Task goal |
In the data below, find the line that contains "Lopazz - MIGRACION" and the line that contains "مالية كردستان تنشر". Copy both, plus every line between them, exactly.

Supplied entries |
=== Begin Enclosure ===
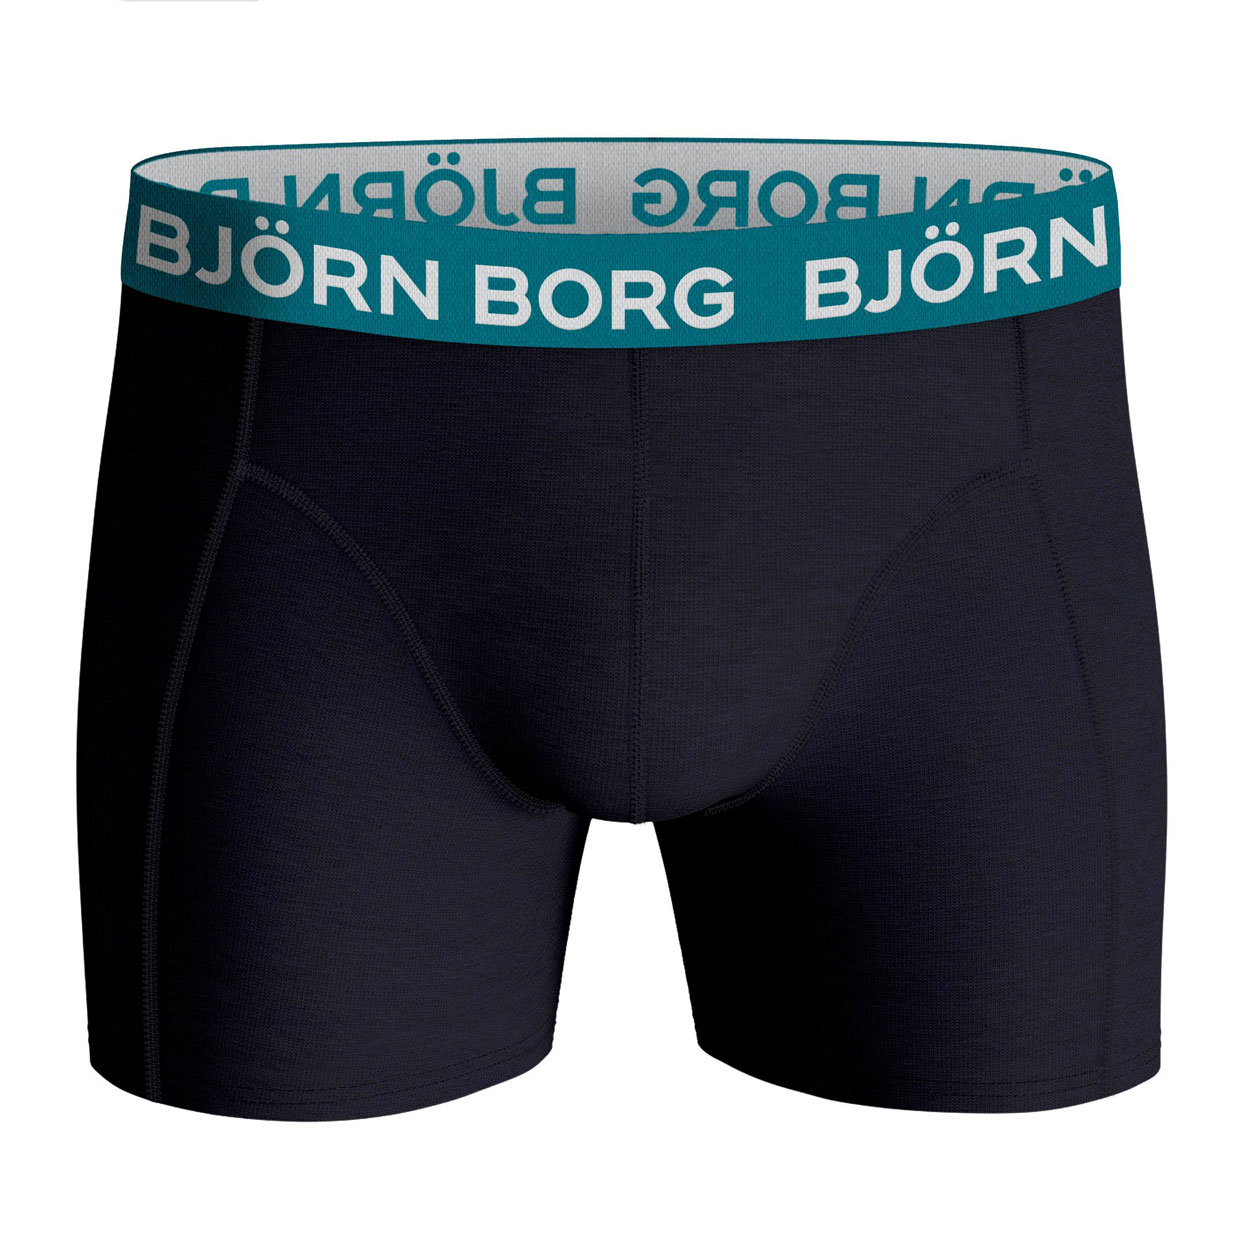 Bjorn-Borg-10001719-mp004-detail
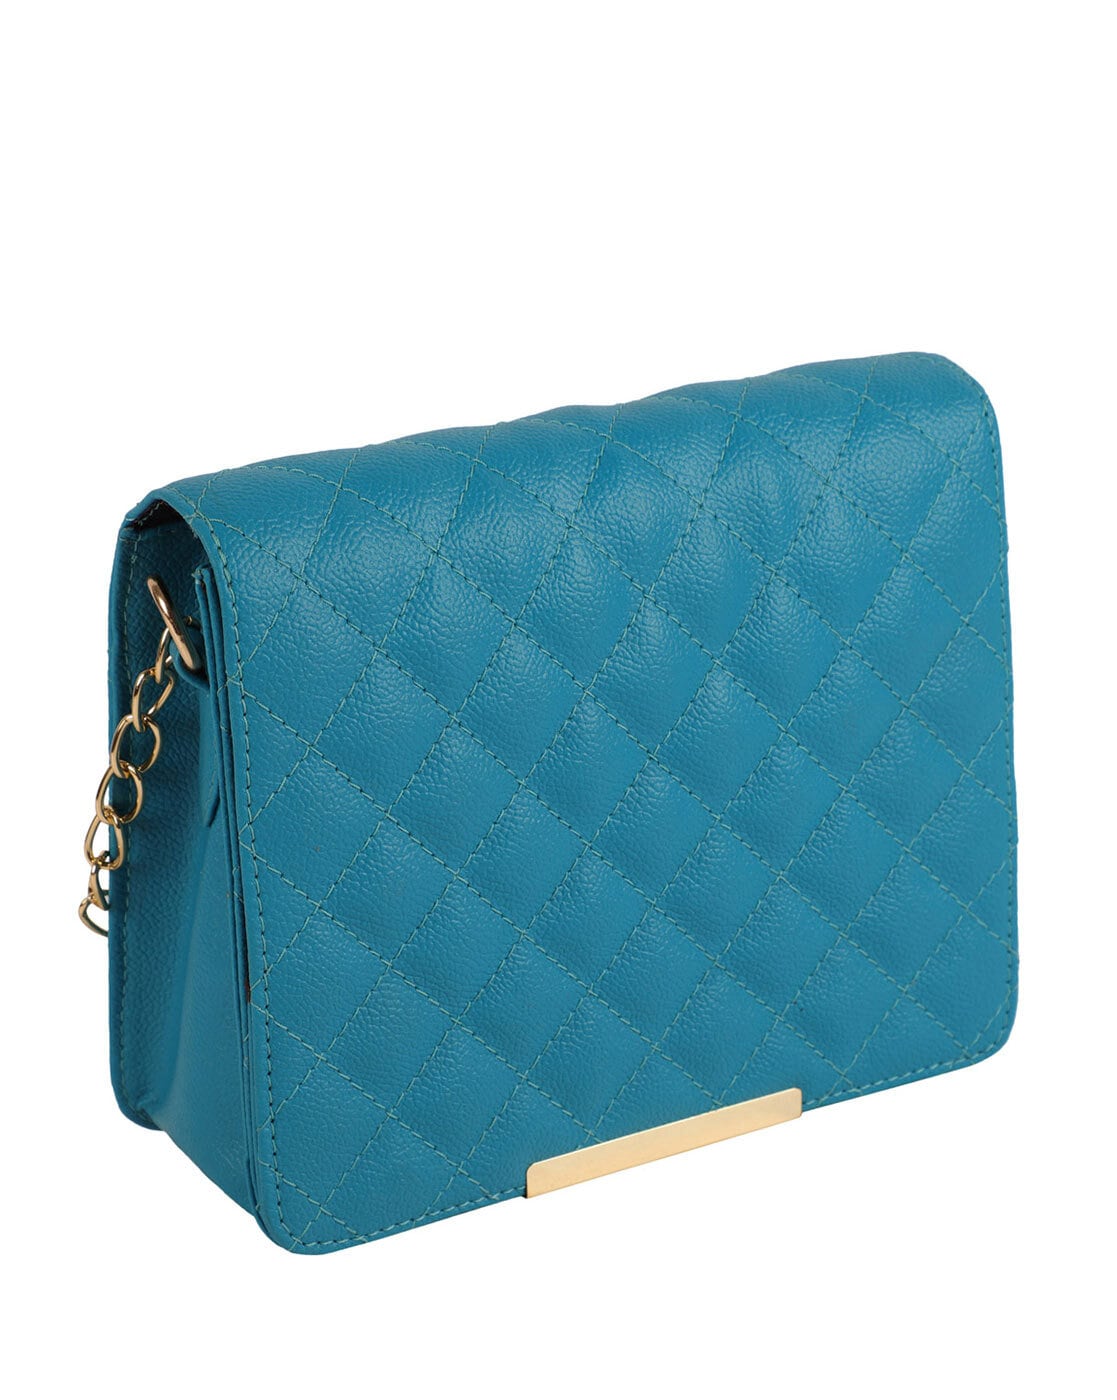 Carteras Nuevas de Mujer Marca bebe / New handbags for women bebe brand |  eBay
=== End Enclosure ===
=== Begin Enclosure ===
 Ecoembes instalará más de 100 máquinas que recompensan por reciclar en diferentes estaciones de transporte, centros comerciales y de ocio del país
=== End Enclosure ===
=== Begin Enclosure ===
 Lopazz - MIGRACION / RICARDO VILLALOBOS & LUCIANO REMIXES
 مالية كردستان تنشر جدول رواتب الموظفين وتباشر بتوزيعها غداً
=== End Enclosure ===
Exercise answer |
 Lopazz - MIGRACION / RICARDO VILLALOBOS & LUCIANO REMIXES
 مالية كردستان تنشر جدول رواتب الموظفين وتباشر بتوزيعها غداً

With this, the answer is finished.